■ **INFORMATION SUPPLIED**:
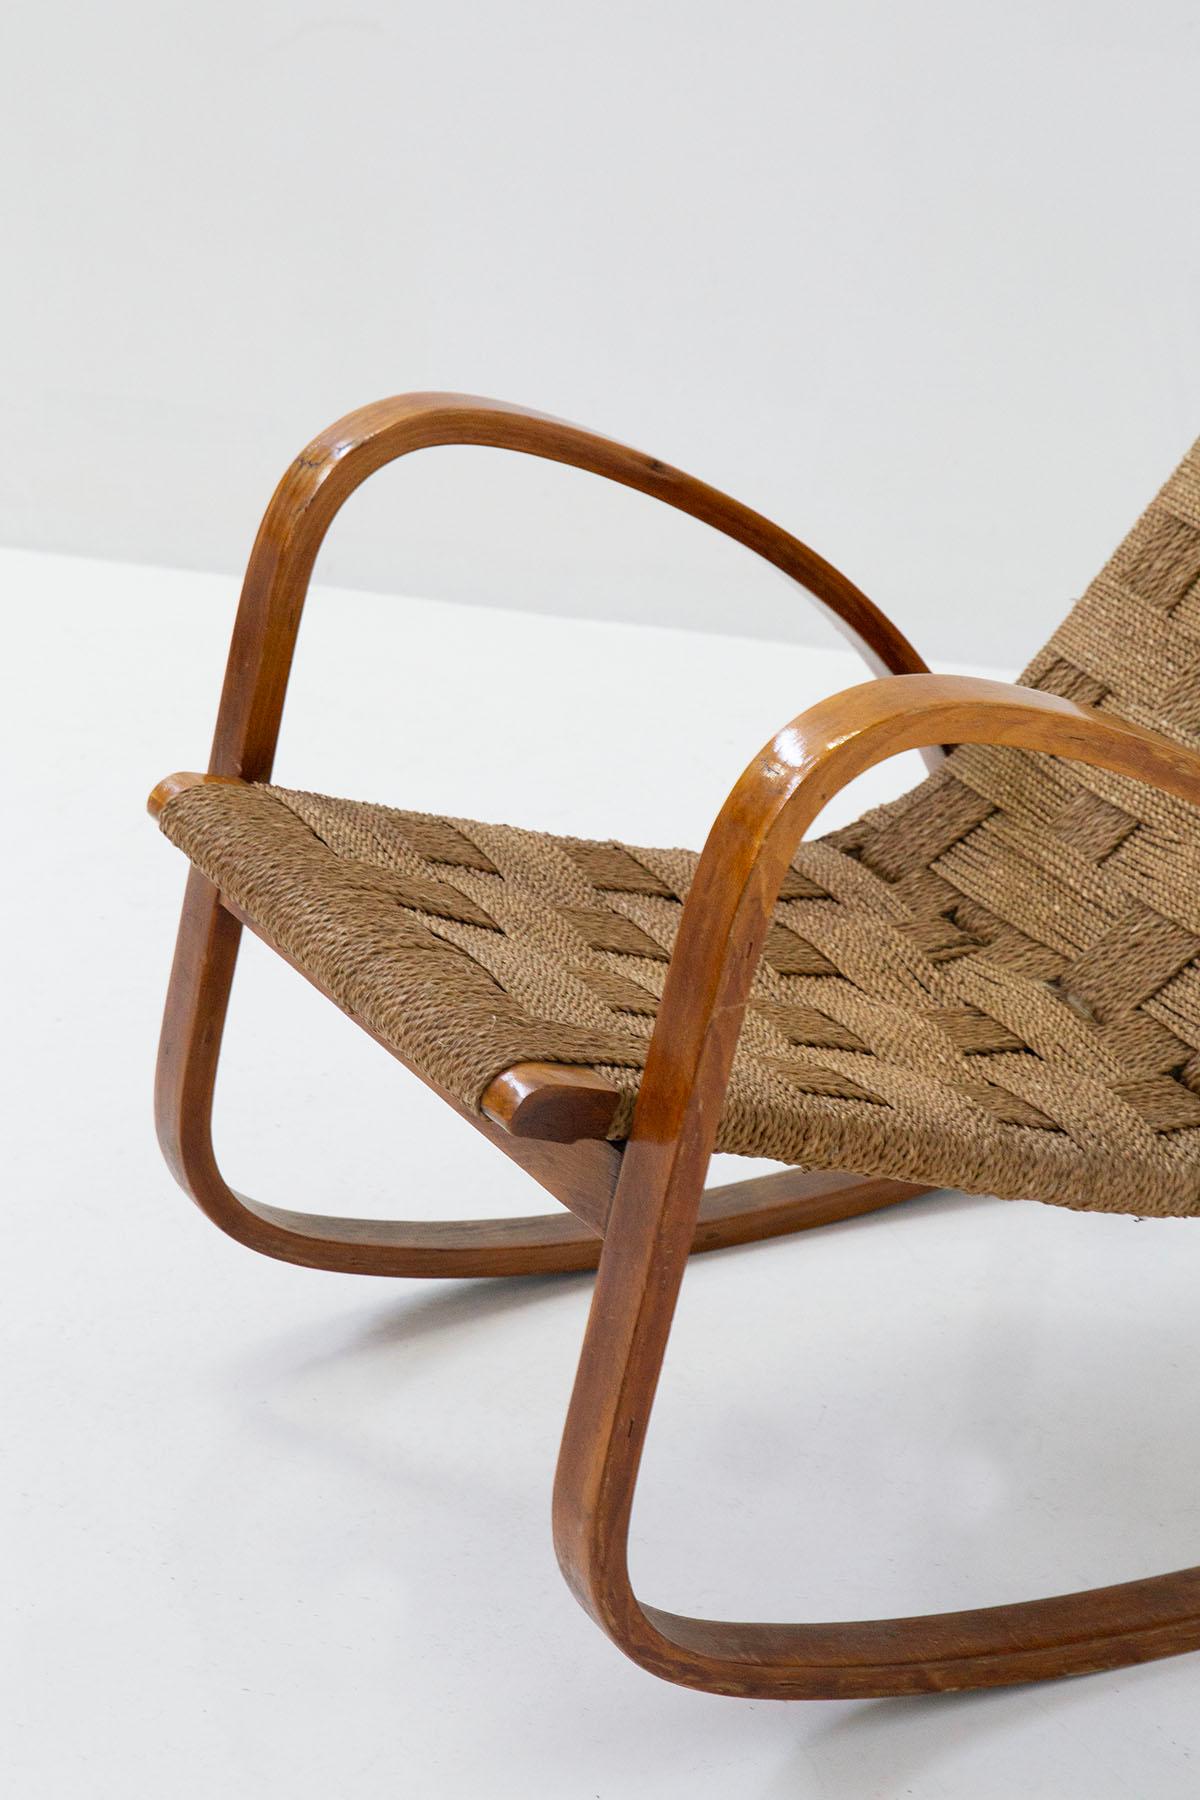 Bauhaus Italian Rocking Armchair from the Rationalist Period, in of Rope
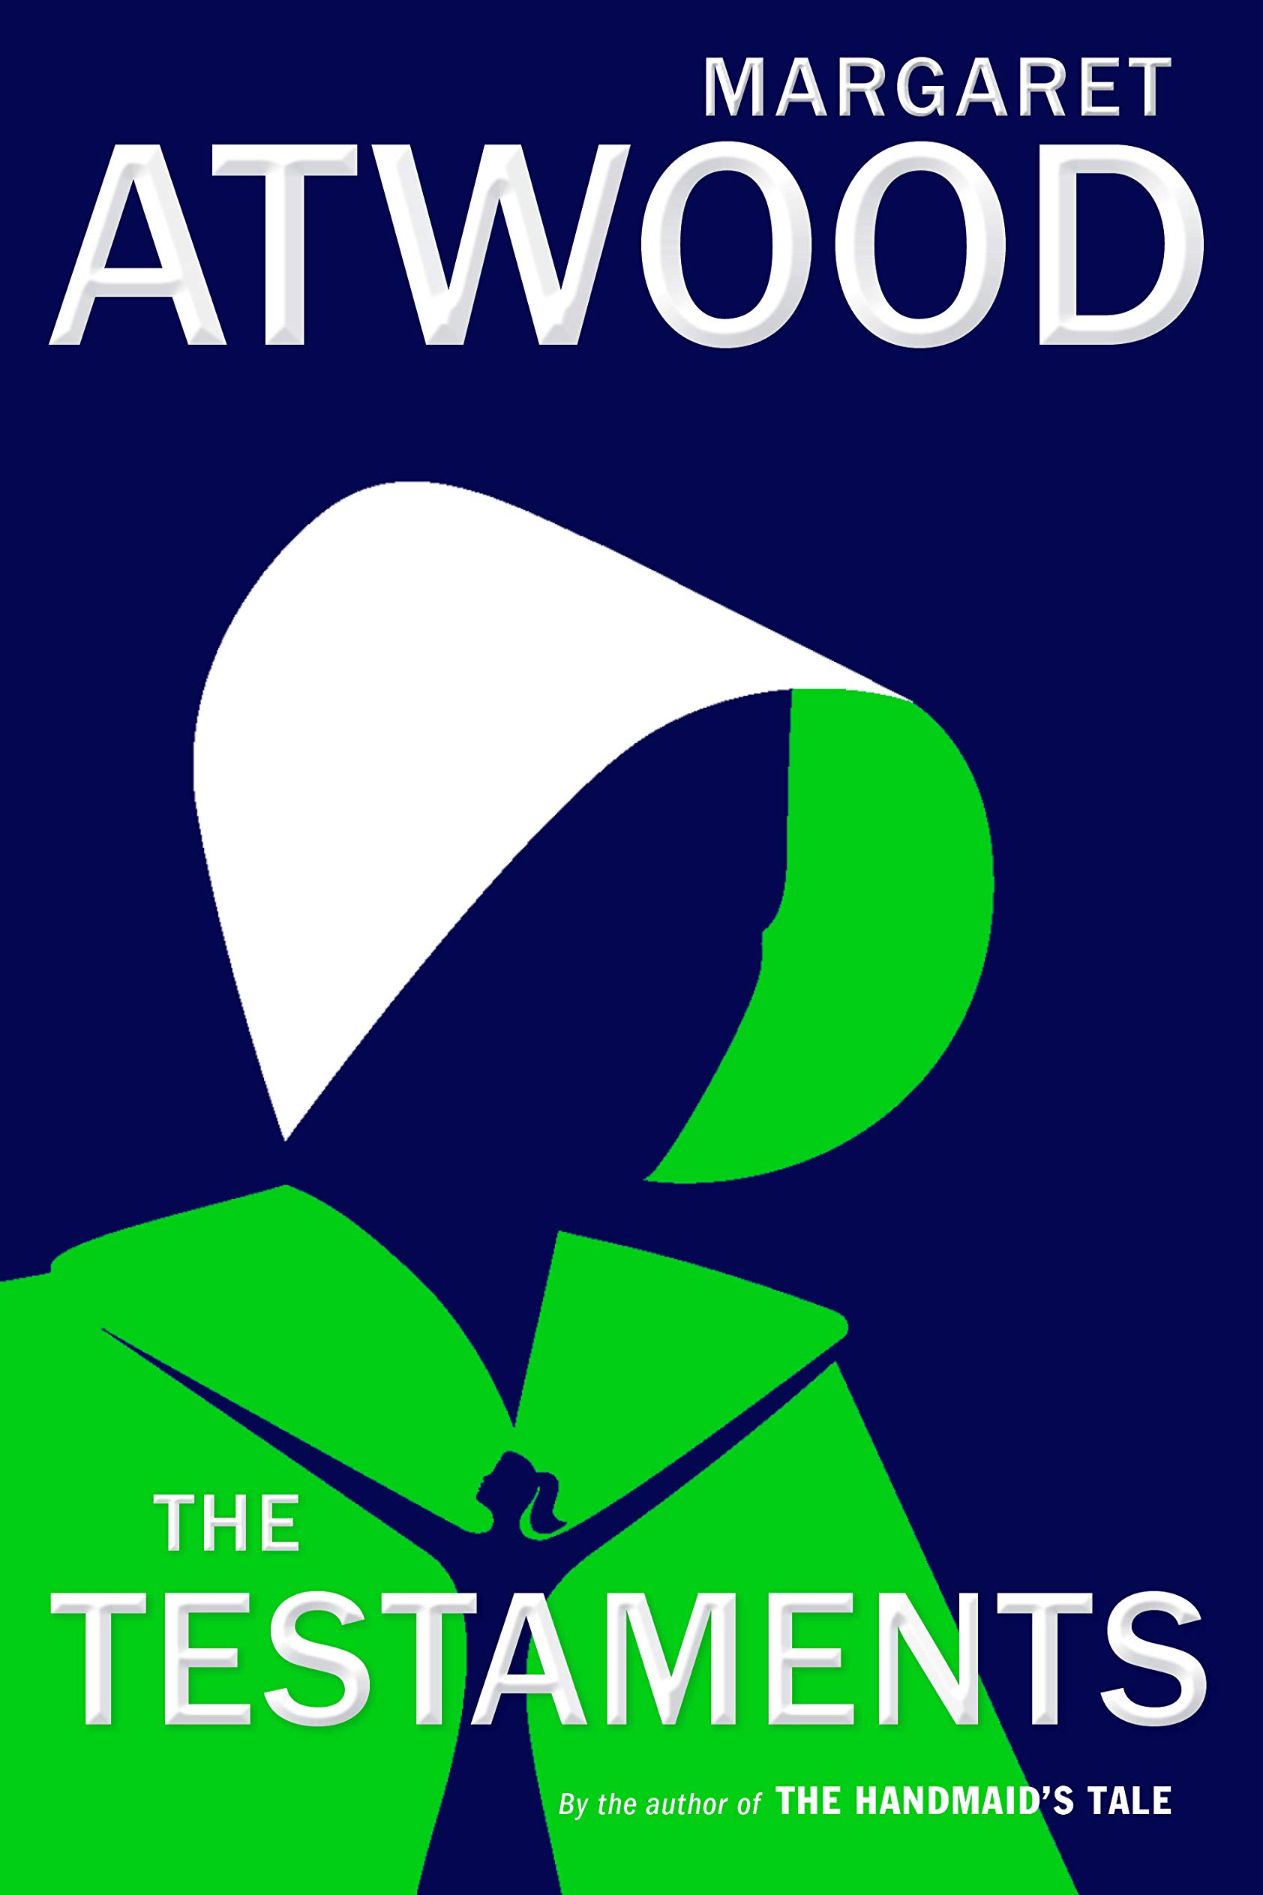 Temporary poster for the television series Margaret Atwood
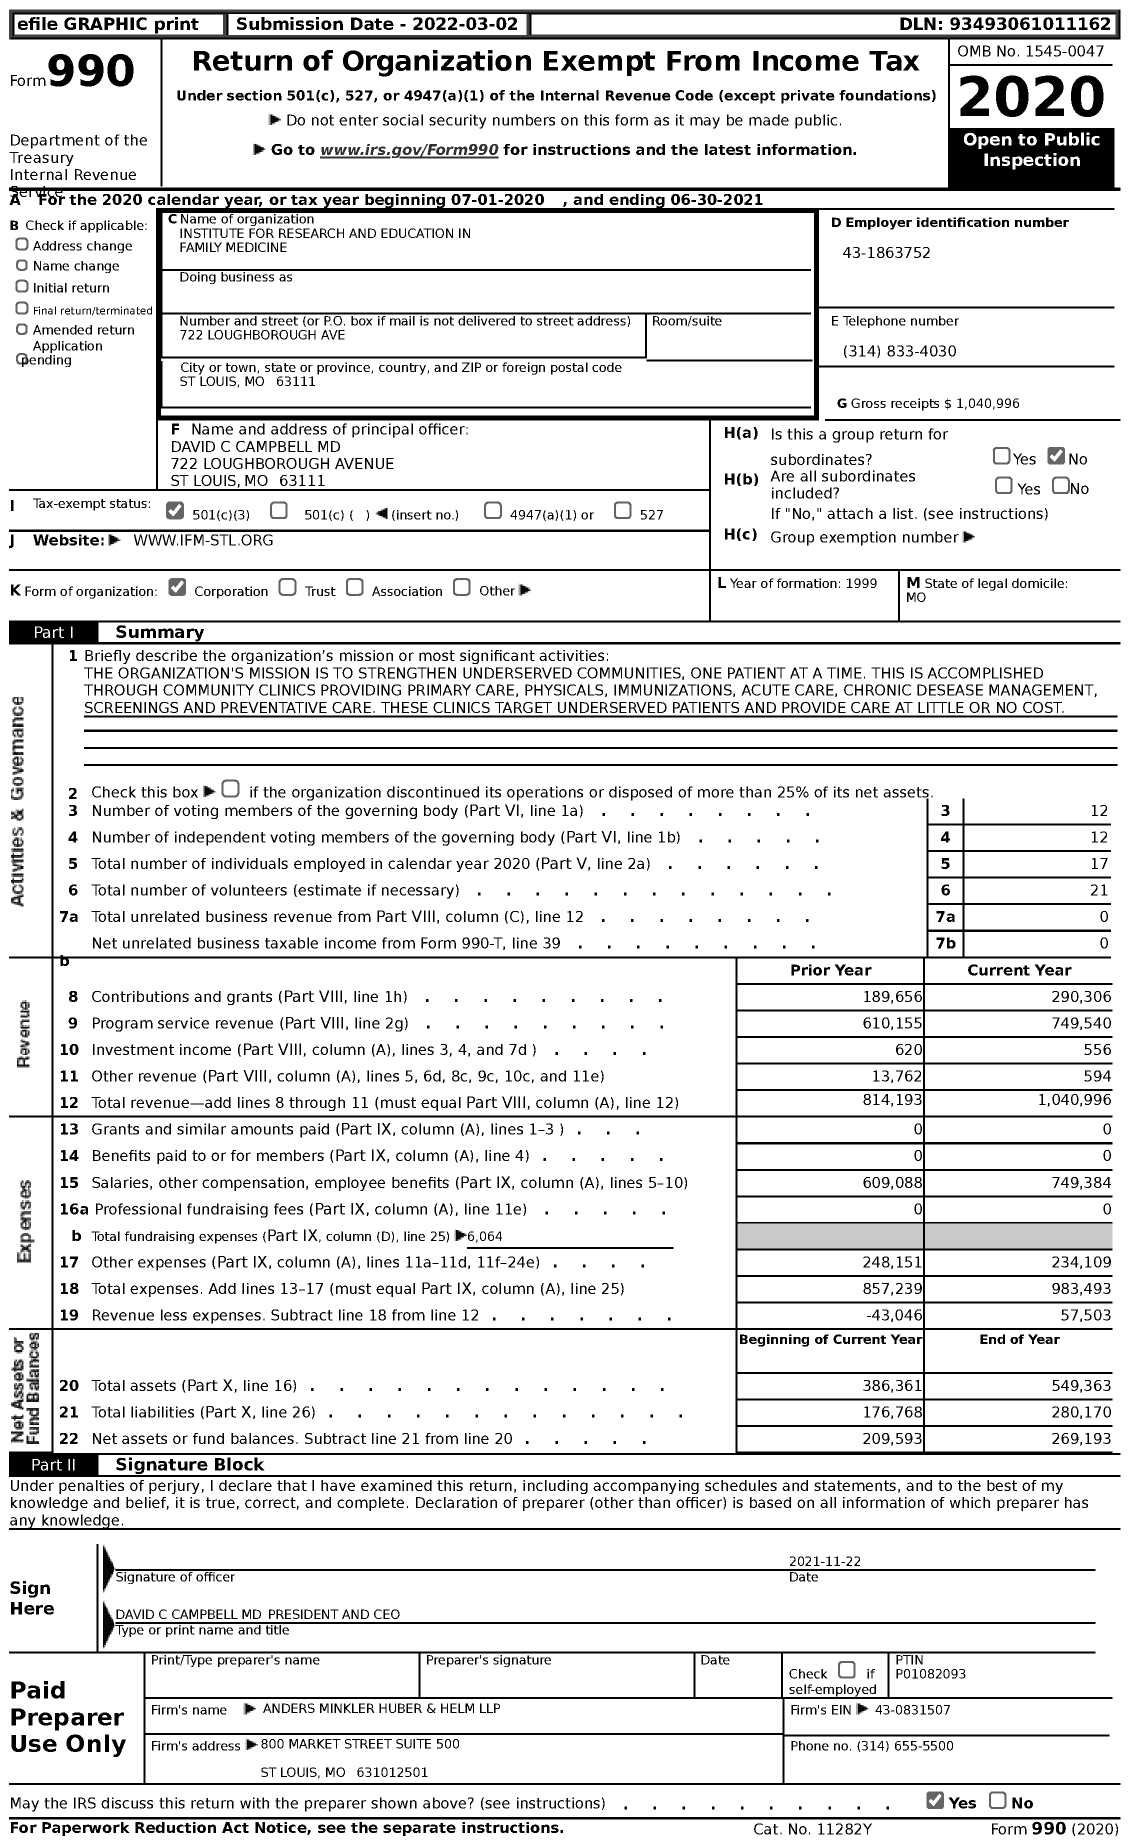 Image of first page of 2020 Form 990 for Institute for Research and Education in Family Medicine

■ **PROBLEM STATEMENT**:
Could you output the listing word for word, omitting every picture?

■ **RESULT BELOW**:
 Bauhaus Italian Rocking Armchair from the Rationalist Period, in of Rope
 Temporary poster for the television series Margaret Atwood
 Image of first page of 2020 Form 990 for Institute for Research and Education in Family Medicine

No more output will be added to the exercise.